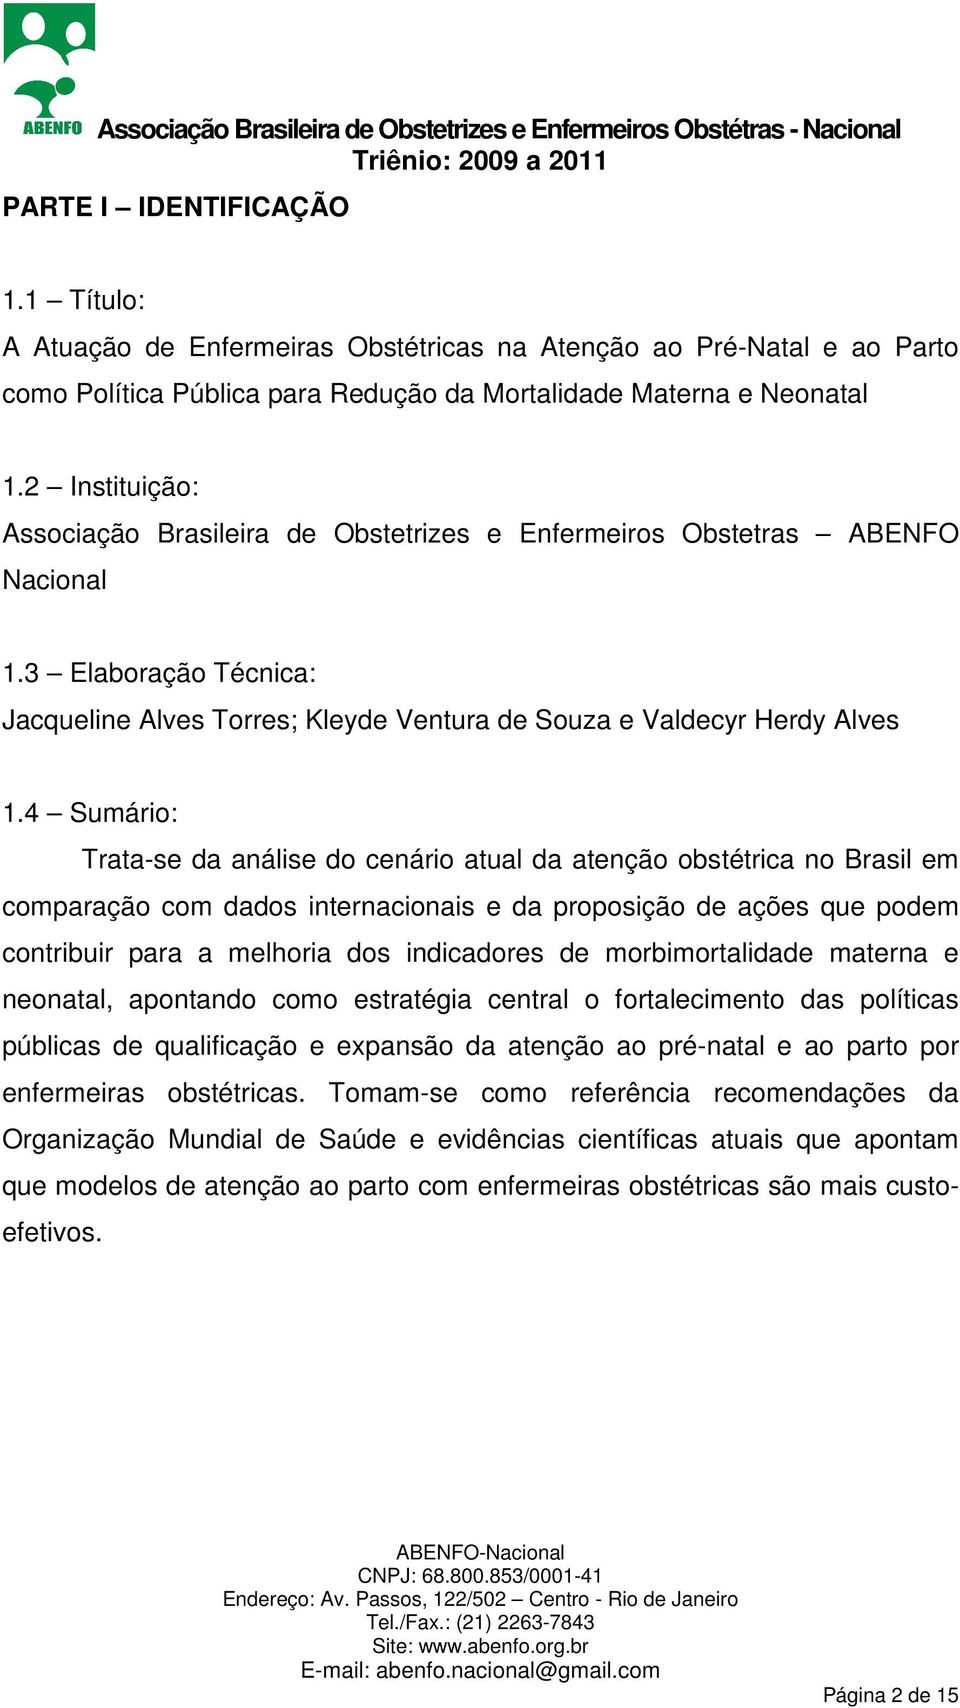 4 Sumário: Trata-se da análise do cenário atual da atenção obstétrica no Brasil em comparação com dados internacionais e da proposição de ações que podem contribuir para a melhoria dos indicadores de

====================

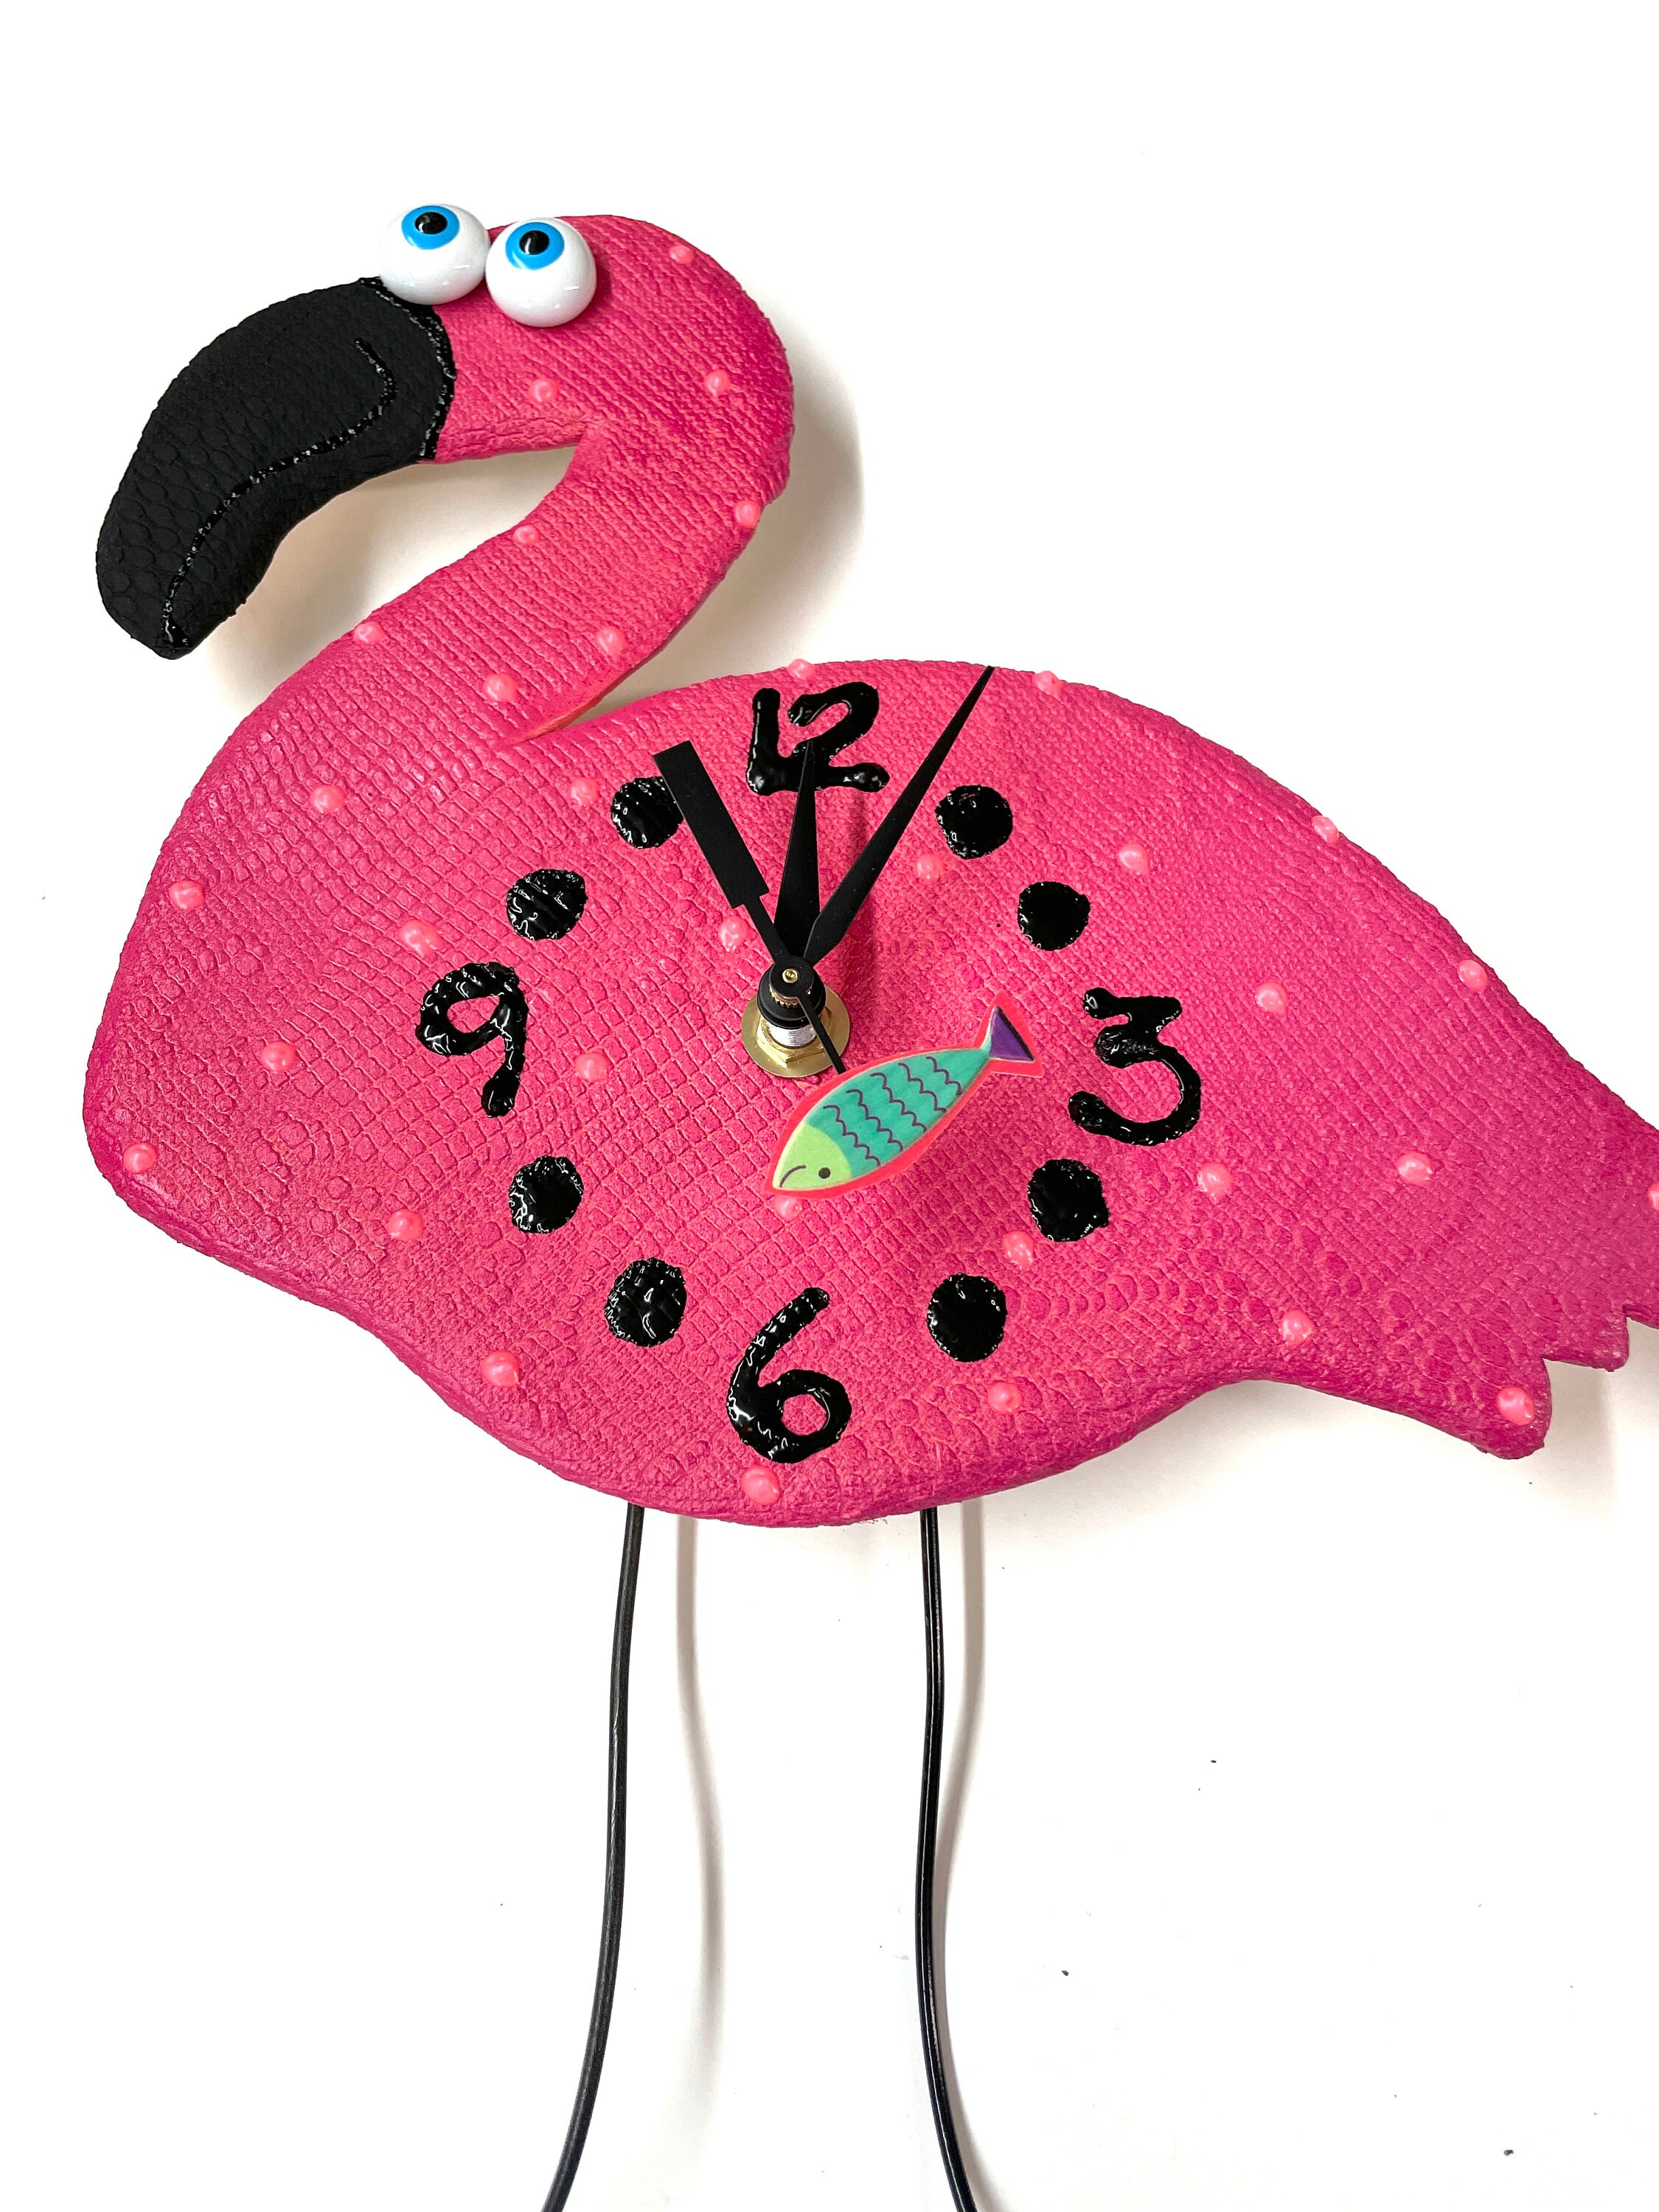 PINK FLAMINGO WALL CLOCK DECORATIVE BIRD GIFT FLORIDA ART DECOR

====================

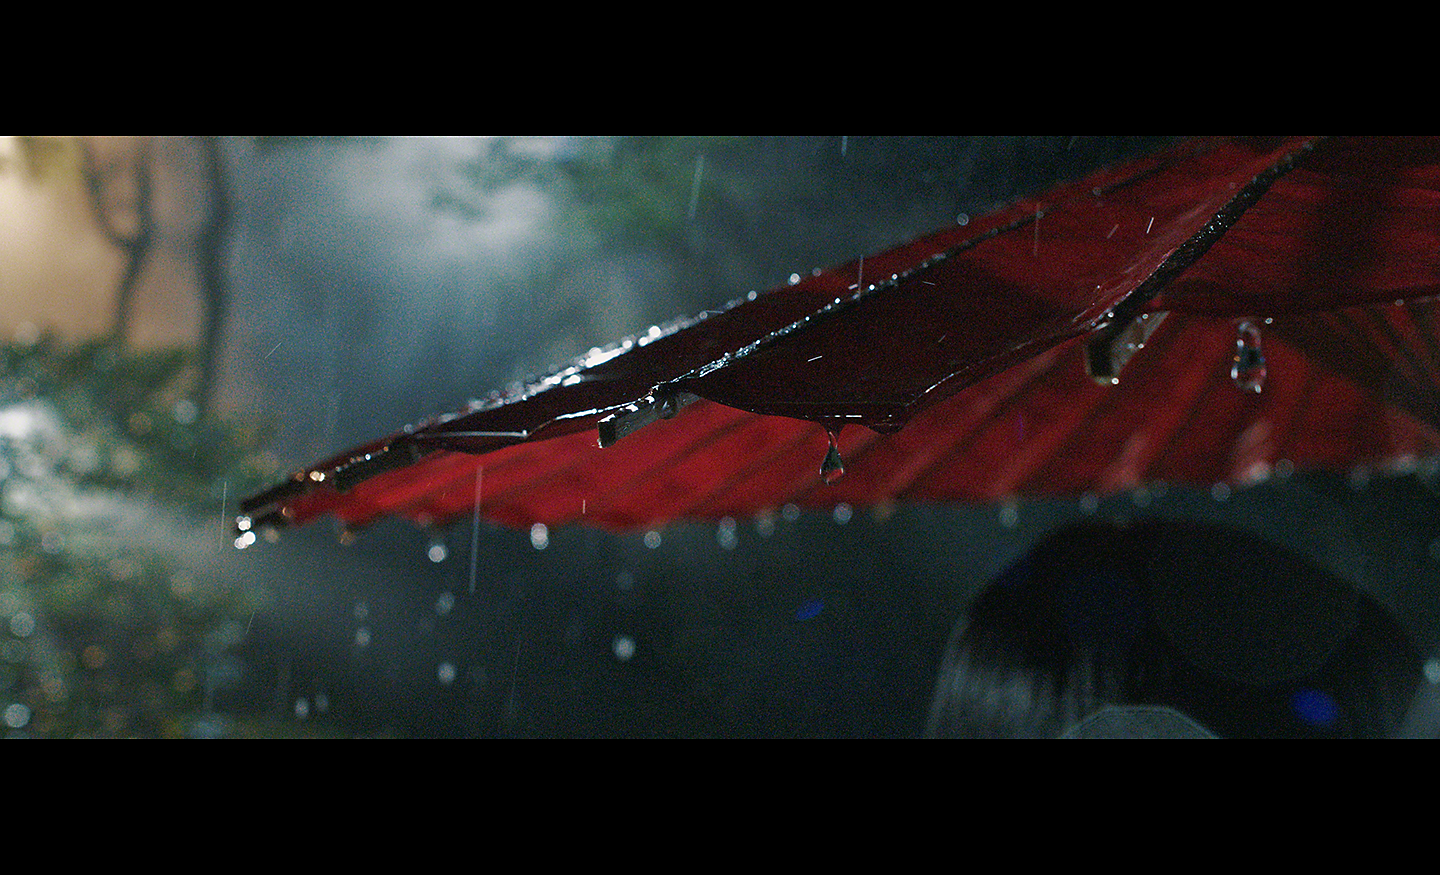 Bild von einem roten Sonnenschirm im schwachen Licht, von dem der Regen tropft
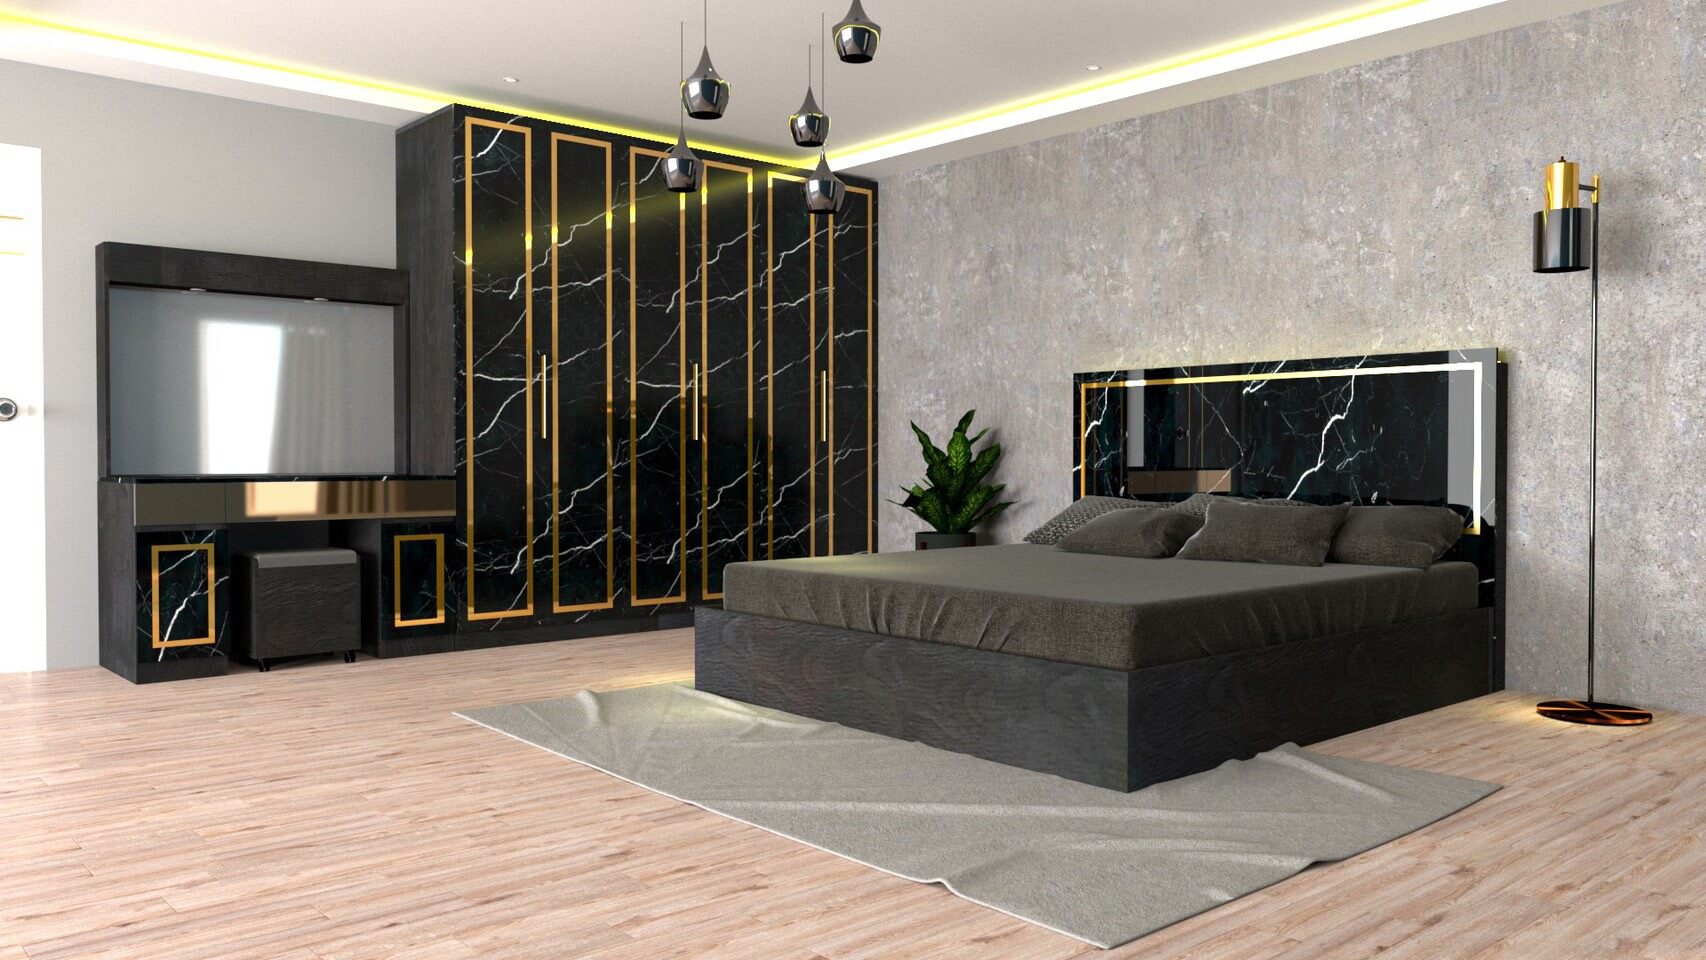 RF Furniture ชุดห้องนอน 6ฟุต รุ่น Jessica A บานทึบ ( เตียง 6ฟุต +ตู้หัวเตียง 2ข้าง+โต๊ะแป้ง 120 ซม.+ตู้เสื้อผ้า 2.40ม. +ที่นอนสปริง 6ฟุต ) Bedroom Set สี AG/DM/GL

====================

Work order:
Each line above starting at the one holding "Bild von einem" and ending at the one holding "RF Furniture ชุดห้องนอน" should be set down exactly as it stands, both ends included, with no pictures.

Answer to the exercise:
 Bild von einem roten Sonnenschirm im schwachen Licht, von dem der Regen tropft
 RF Furniture ชุดห้องนอน 6ฟุต รุ่น Jessica A บานทึบ ( เตียง 6ฟุต +ตู้หัวเตียง 2ข้าง+โต๊ะแป้ง 120 ซม.+ตู้เสื้อผ้า 2.40ม. +ที่นอนสปริง 6ฟุต ) Bedroom Set สี AG/DM/GL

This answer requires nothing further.